Using big data to understand demand is also a tool utilized by Uber, who adjust rates based on peak travel times. As an extension of this on-demand courier service Rapidus collects driver data to understand their routines, suggesting pick-ups that match their schedule. This helps the Californian delivery service to reduce costs, using drivers that may already be traveling that way.
Pre-made meal delivery service Maple serves 800 meals an hour from four kitchens across New York City. It uses historical demand and menu popularity to estimate kitchen workloads, and divides orders between drivers travelling optimized routes which also take into account waiting times, and location proximity.
Combining supply data and consumer specified parameters new businesses can better match this to the demand.
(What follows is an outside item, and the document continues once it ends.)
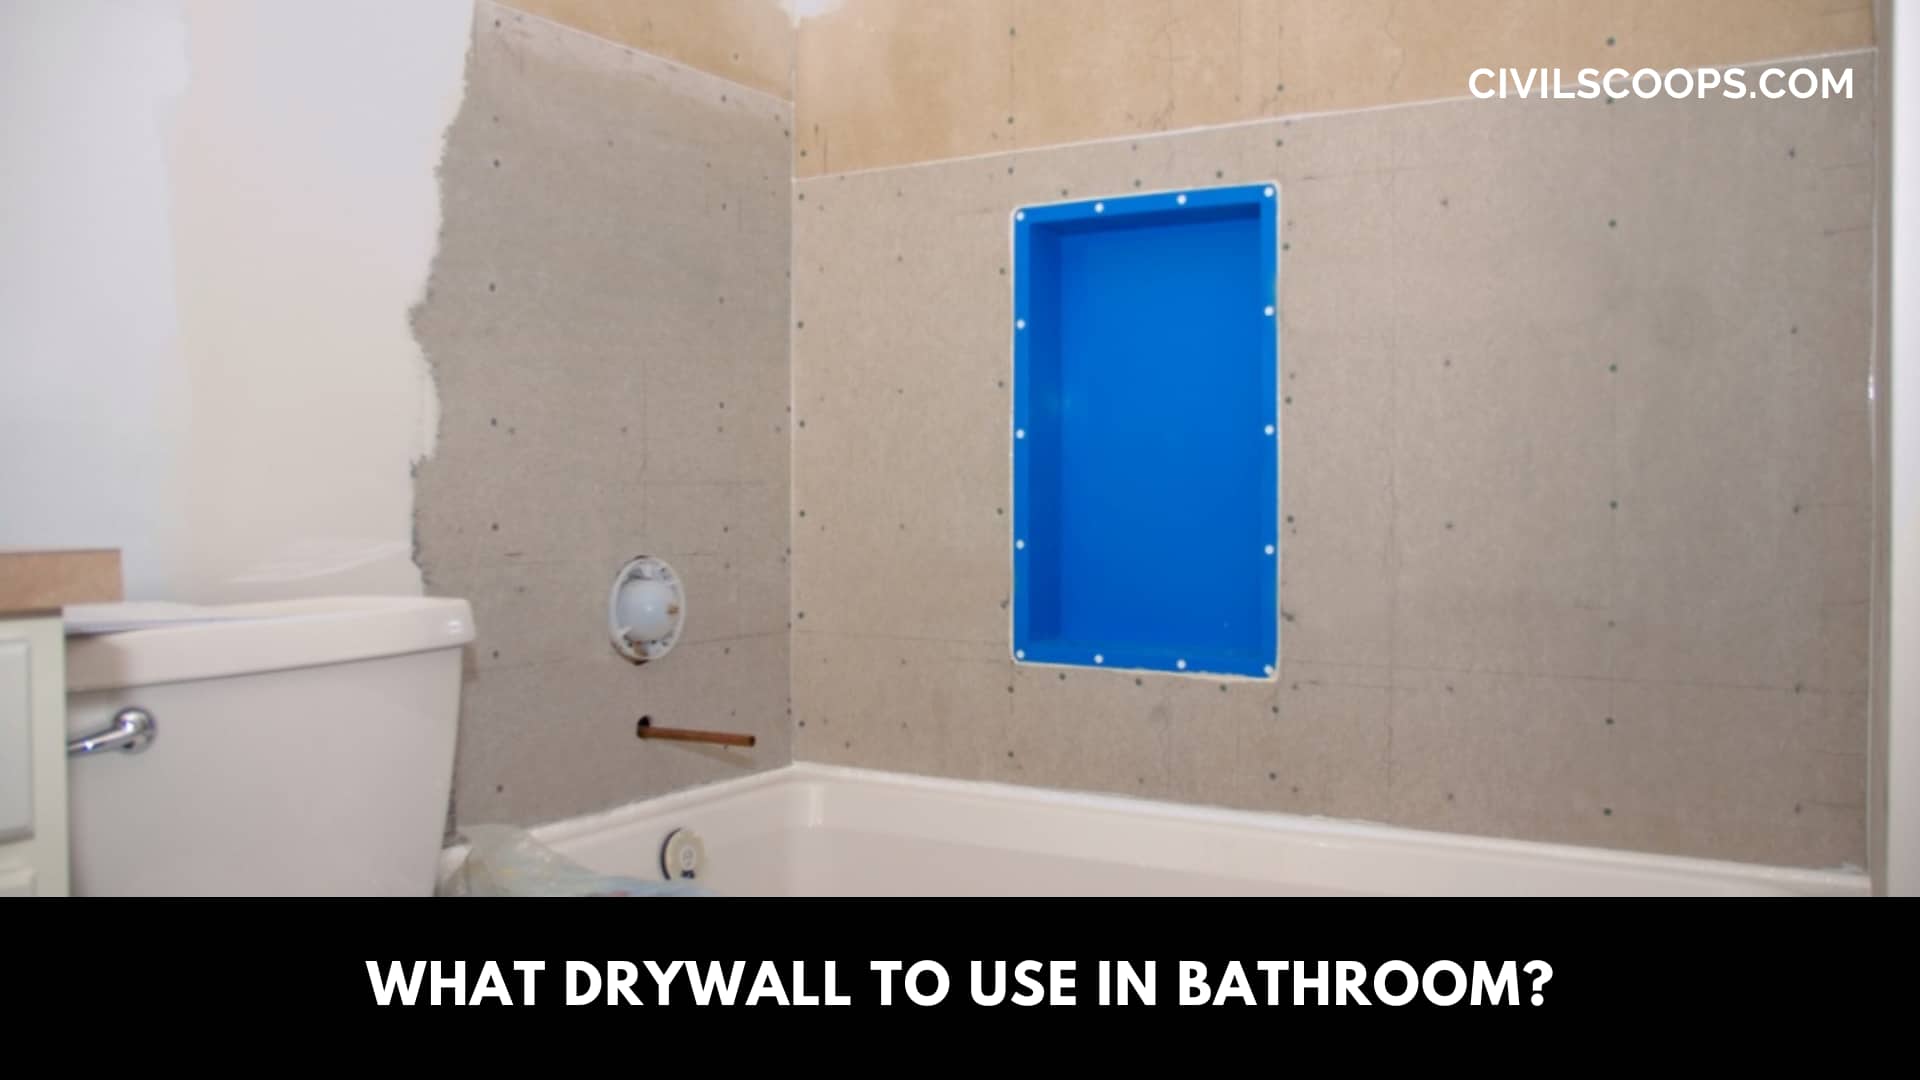 What Drywall to Use in Bathroom
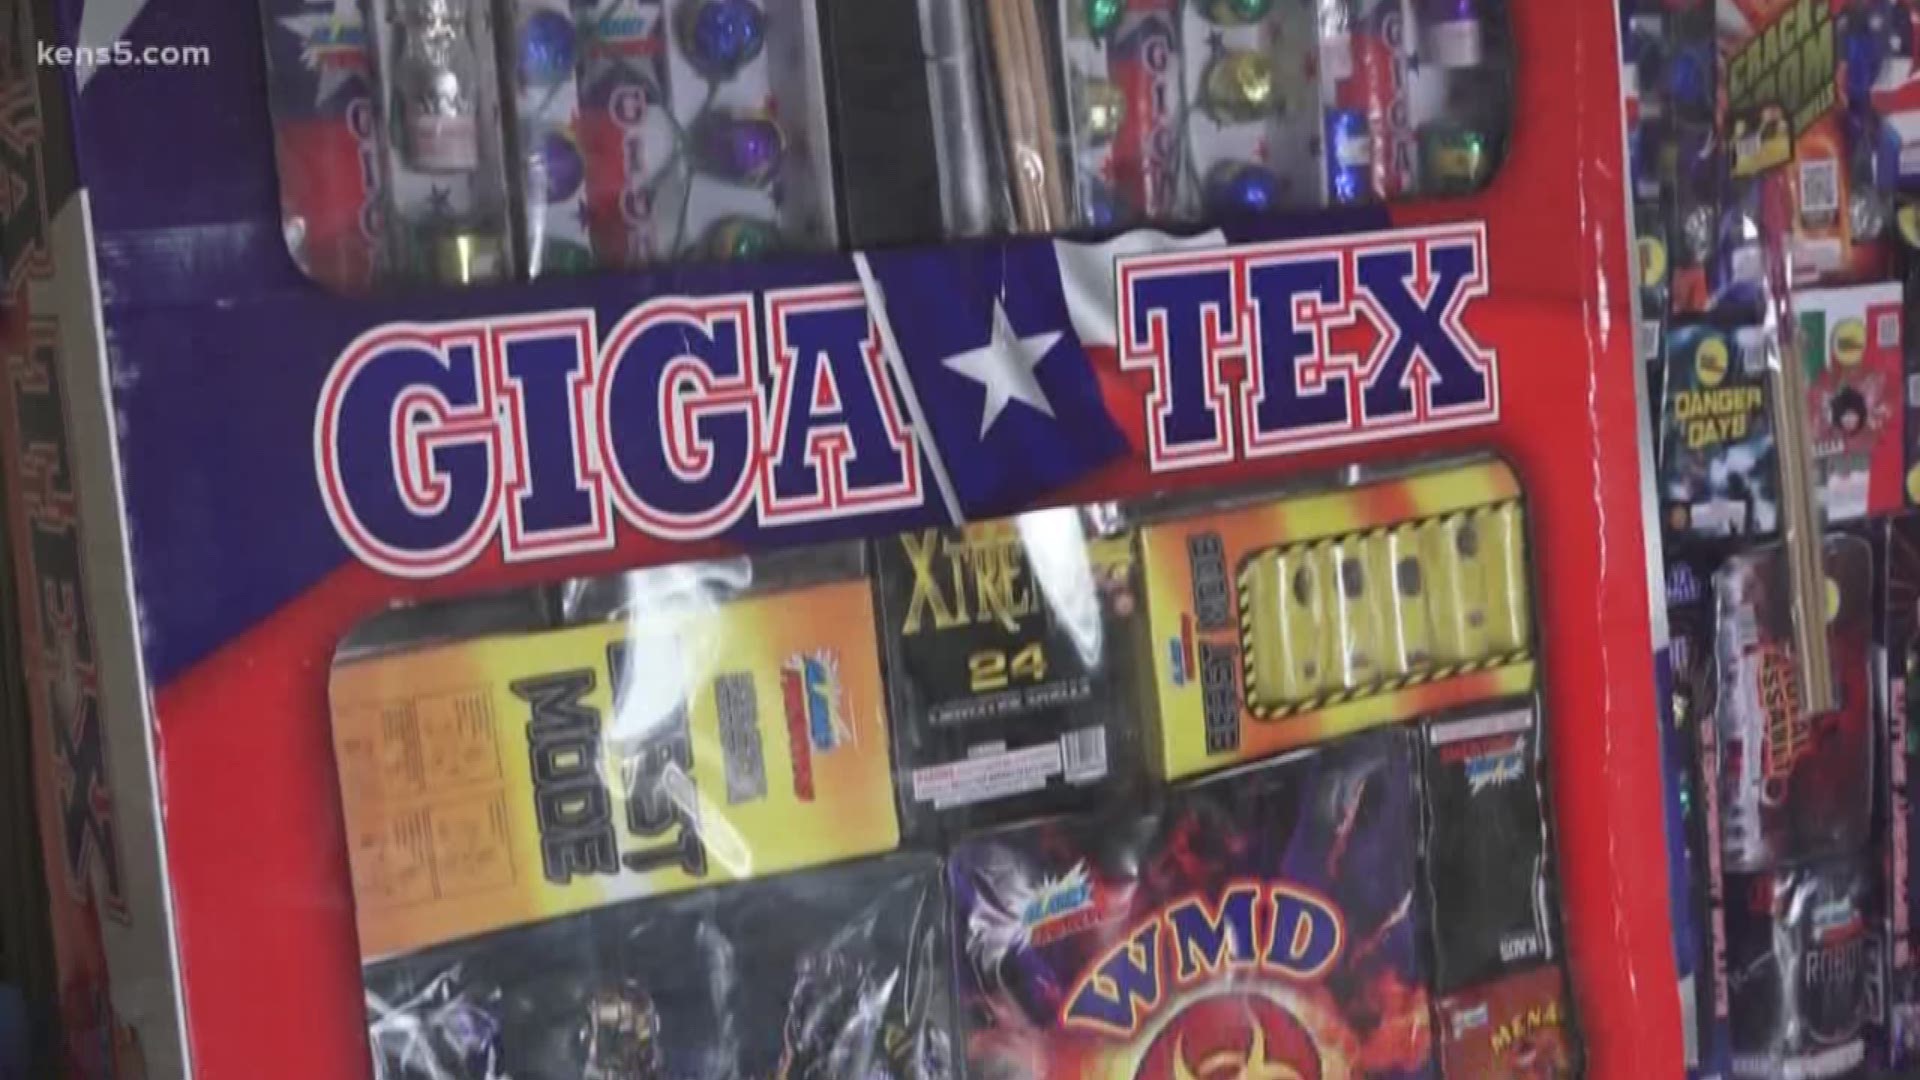 KENS 5 headed to a local fireworks stand to find out how much dough South Texans are shelling out for putting on a nighttime show on Independence Day.

This type of technology can be used to ensure that the more skilled or experienced workers are paid higher rates, from customers that are willing to make the investment.
This requires matching up numerous variables of data — location, ability, qualifications, experience, availability, matched against the demand parameters of project complexity, pricing ranges and more. Creating audiences, noting trends and suggesting pricing – something comparable to programmatic advertising algorithms, eBay buying tools, or even the tagging and recommendation selection process that gave birth to House of Cards. Combine this with the transparency of the emerging trust economy, and you have far more intelligent tool, and happier workers.
This will be the next generation of on-demand growth. Much more than simply “Uber for X”, on-demand is is maturing. And now it’s sacrificed a handful of startups, it’s just morphing into something a little more refined, evolving to suit a growing workforce of freelance employees.